杜老透露了来自上边的一些情况。他说,在灵堂,遇到了前来祭拜的齐心同志的秘书姚小合,向他询问了齐心的近况,托他转达对老人的问候。就在这时,德平兄弟在我耳边说,妈妈昨天下午去世后,本来王岐山、栗战书二人准备好来家里看望,但突然有急事又被叫回去了。

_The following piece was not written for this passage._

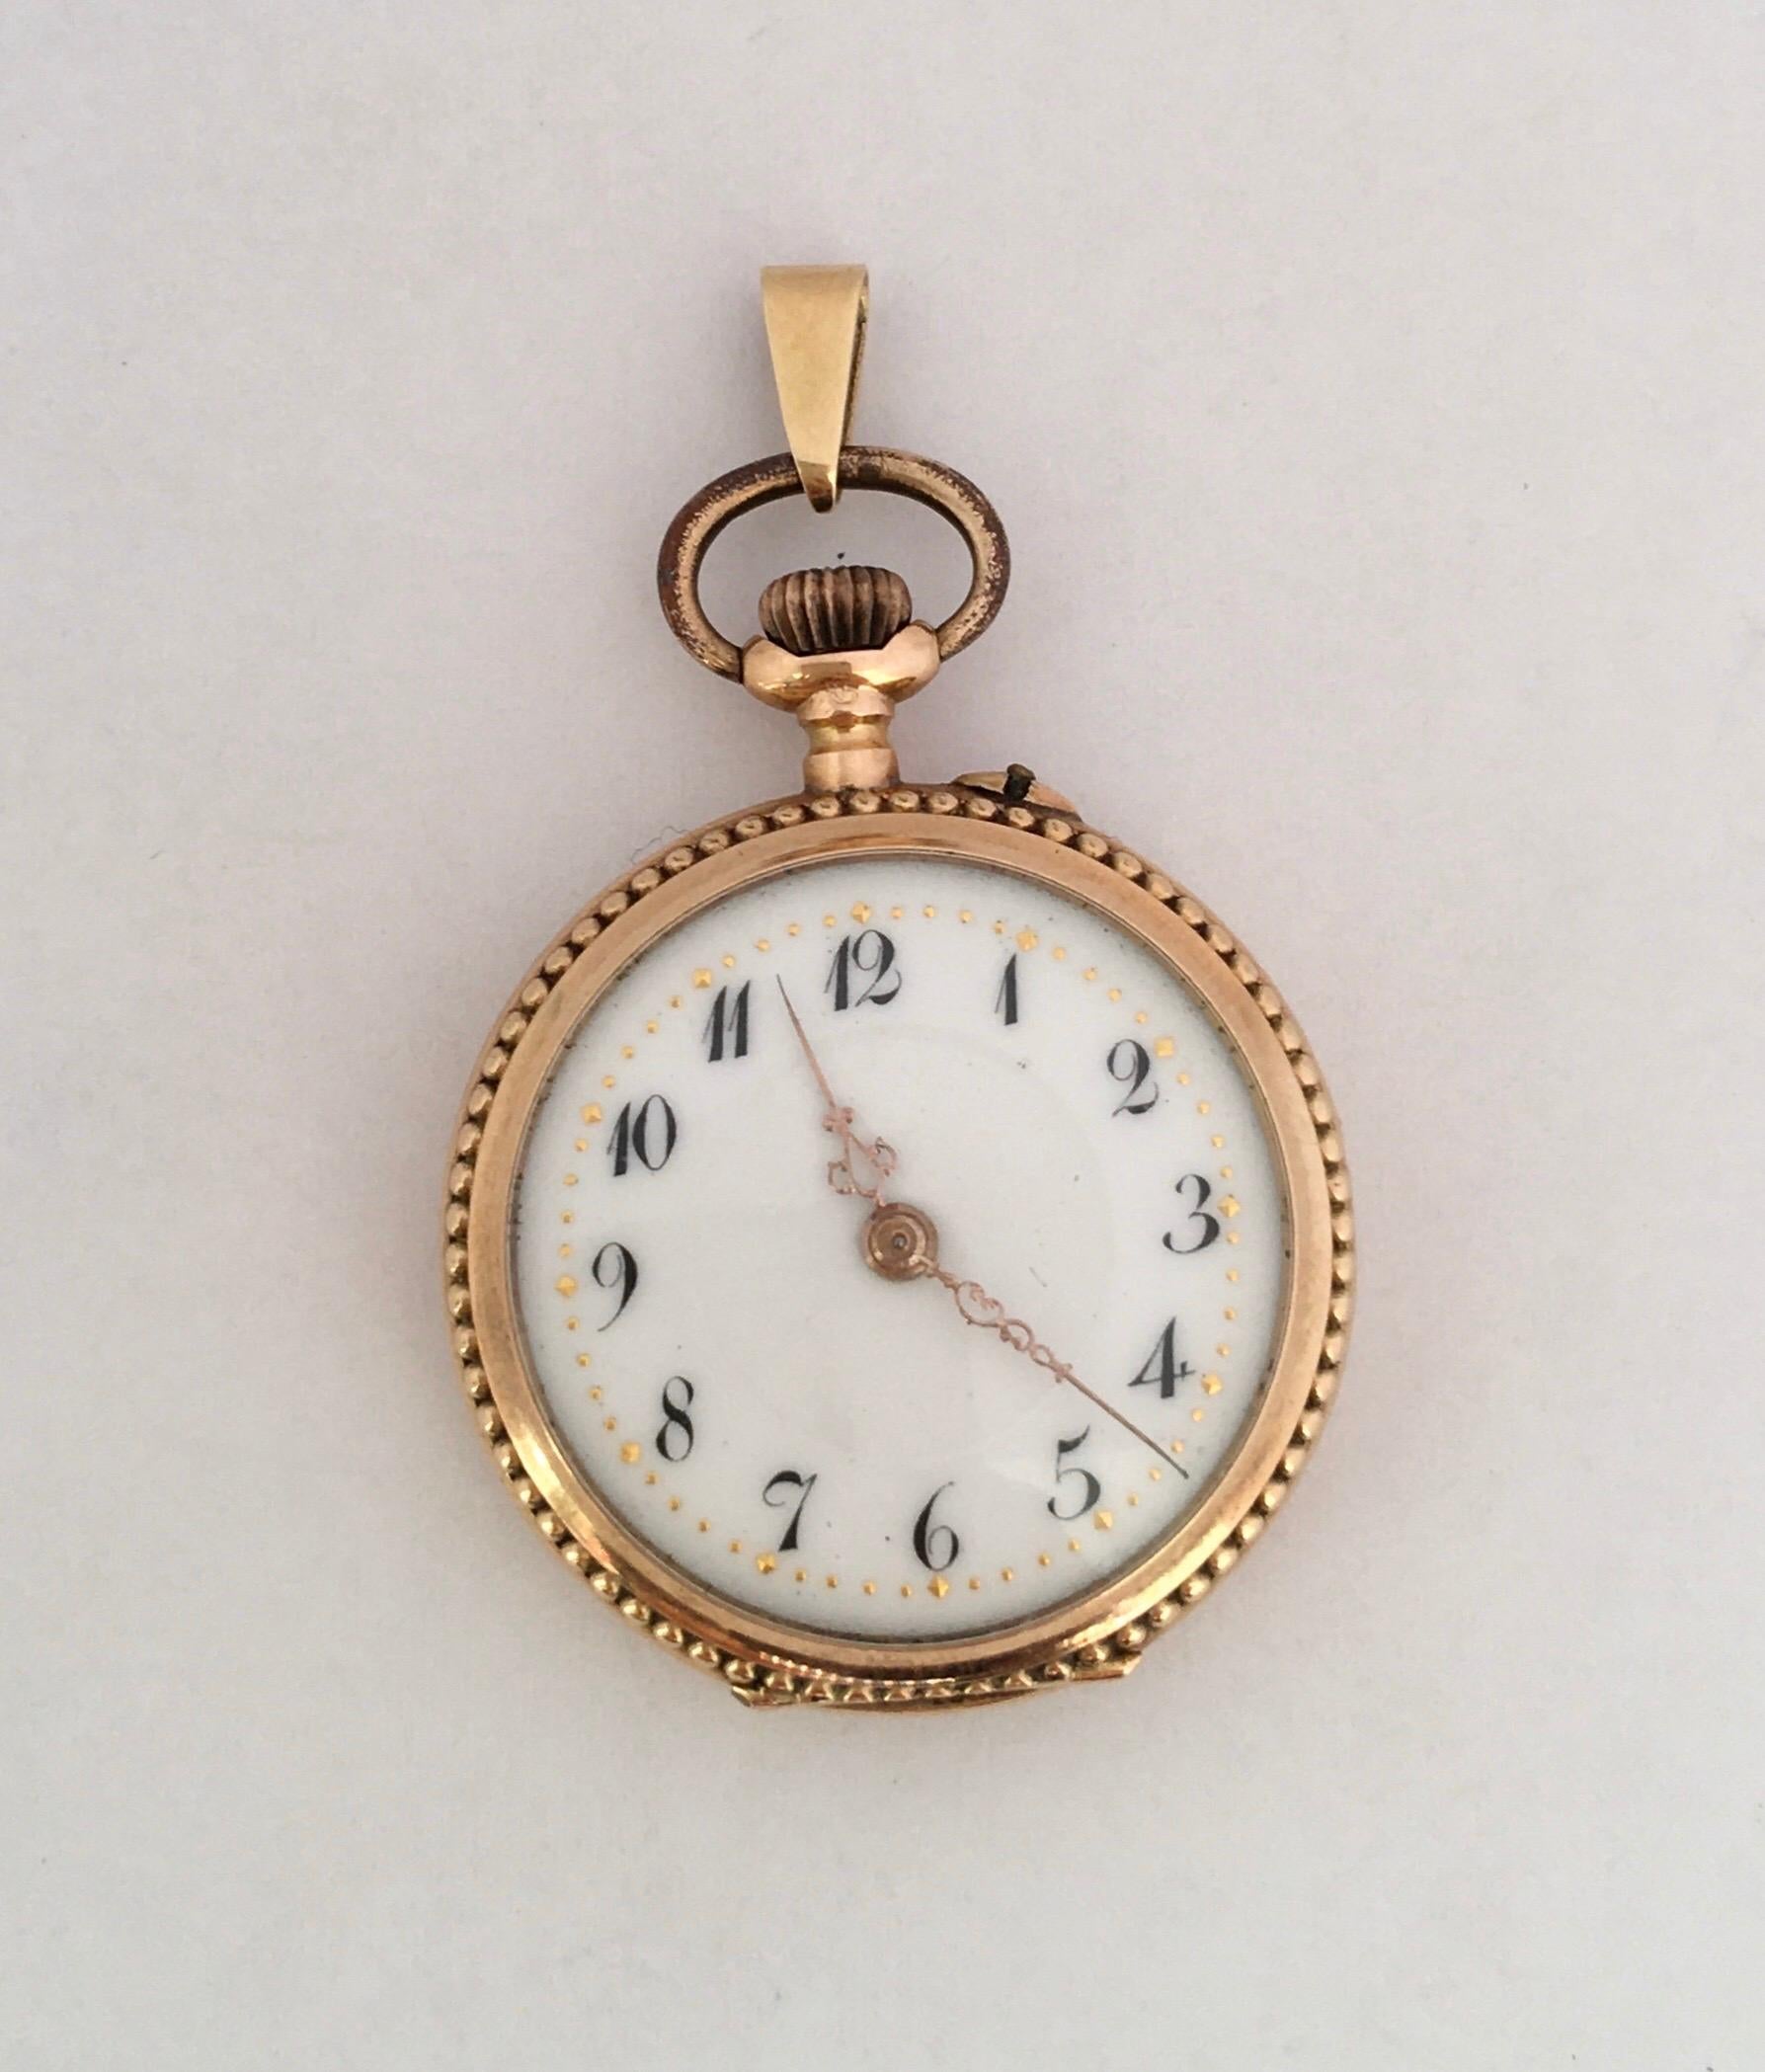 This stunning little gold antique pocket / pendant watch is in good working condition and it is recently been serviced and it runs well. This watch weighed 17.1 grams and measured 29mm case diameter excluding the crown.

Please study the images

齐心同志的秘书姚小合(左),胡德华(中),杜导正(右)

李昭的后事由北京市政府主持料理,中央办公厅协助;昨晚北京市已经开会研究了方案,按照党内元老的规格来办;本月17号举行遗体告别仪式。其实我早有这个估计,李昭的丧事不会按照一般的“三八式”老干部的规格办,为什么?就是耀邦问题!以前对耀邦的功过评价不准确,老百姓对那个结论不认可,对那些搞“左”的力量有抗议。邓胡赵的路线,十一届三中全会的路线究竟对不对?有些人很偏激,提出企业里由党委领导董事会,推翻了厂长经理负责制,想全盘否定邓小平开创的改革开放事业。这导致了思想混乱。好处是议论纷纷,思想活跃,但是也造成了正确的东西得不到支持,错误的东西畅行无阻。现在看,绝大部分人反感这些走回头路的主张。人们怀念耀邦、祭奠李昭,实际上表明了一种政治情绪和政治态度。看起来官方准备隆重举办告别仪式,我认为很好,这也体现了官方的一种态度。我衷心希望国家采取切实措施将改革开放的路线进行到底。

前炎黄春秋杂志社副社长胡德华与社长杜导正交谈

最后,杜老把话题重新引到了《炎黄春秋》杂志上,他说,李昭、德平、德华一直是《炎黄春秋》坚定的支持者。他们给我们供稿、提供宣传线索。有人统计,从1993年到去年杂志被强行剥夺,20多年时间年里,共登出有关耀邦的稿件40篇以上。后期,德华直接参加了杂志社的领导工作。2016年情况发生突然变化,德华站在第一线,讲话有力又有分寸,得到了全社同仁的全力支持。如果不发生突变,相信炎黄春秋肯定会有更辉煌的发展。